OK, some vague answers are needed. Know this: We do not understand very much about the earth’s core, but it seems that it does this spin change every 70 years or so. But there is disagreement about even that. Smithsonian Magazine explains:
The idea isn’t cause for alarm—the change is a normal part of a 70-year cycle, the scientists proposed Monday in Nature Geoscience. The inner core switches between spinning just a little faster and a little slower than the surface, matching the surface’s speed roughly every 35 years, they write.
But not all scientists agree on the details of how the inner core is spinning, and some aren’t convinced that it’s spinning at all.
“No matter which model you like, there’s some data that disagrees with it,” John Vidale, a seismologist at the University of Southern California who did not contribute to the new research, tells the New York Times’ Robin George Andrews.
Buried about 3,200 miles below the planet’s surface, the inner core reaches an estimated 9,000 to 13,000 degrees Fahrenheit. It can’t be accessed for samples or direct measurements of its spin. Instead, researchers have used seismic waves from earthquakes to learn about it. An earthquake sends these waves deep into the Earth and through the inner core, and scientists pick them up with sensors on the other side of the planet.
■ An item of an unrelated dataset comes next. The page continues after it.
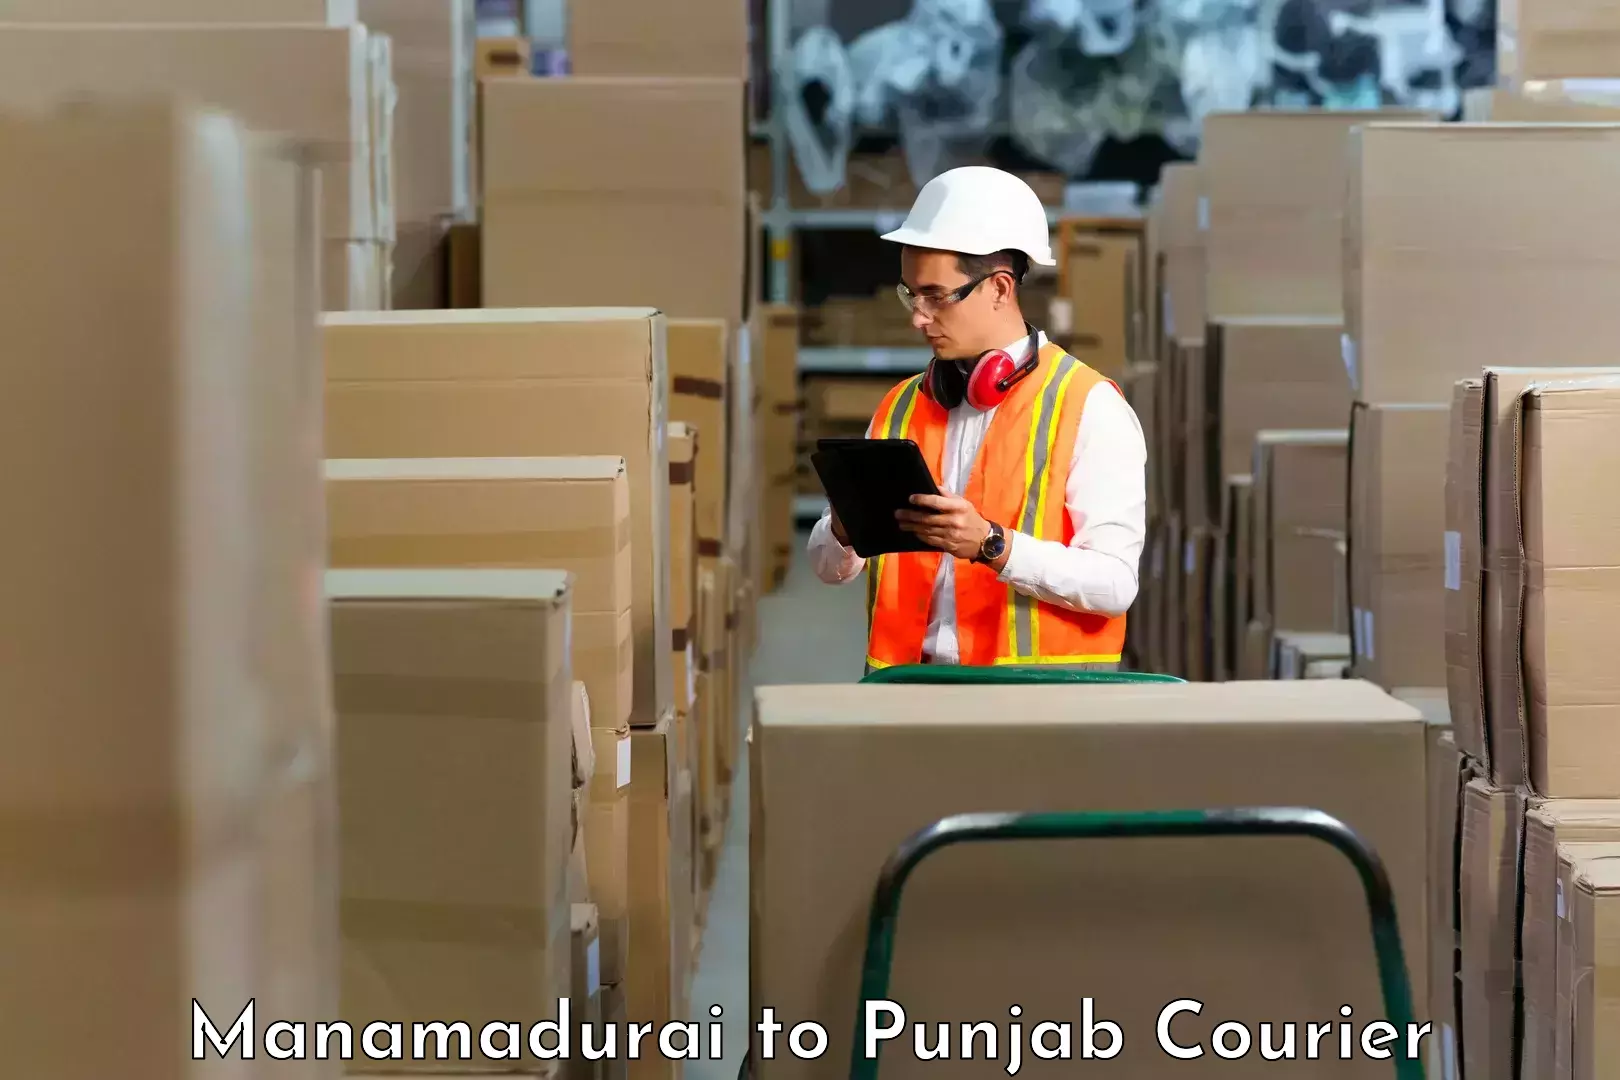 Automated parcel services Manamadurai to Mohali

But why does the rotation change speed? Again, from Smithsonian:
This periodic change in rotation might be due to a tug-of-war effect between the Earth’s liquid outer core and solid mantle, writes the Times. As molten metals move in the outer core, they generate electromagnetic forces that influence the inner core to spin. But the gravity of the mantle pulls the opposite way, slowing the inner core’s rotation. One full cycle of this process takes about 70 years, write the researchers in the new study.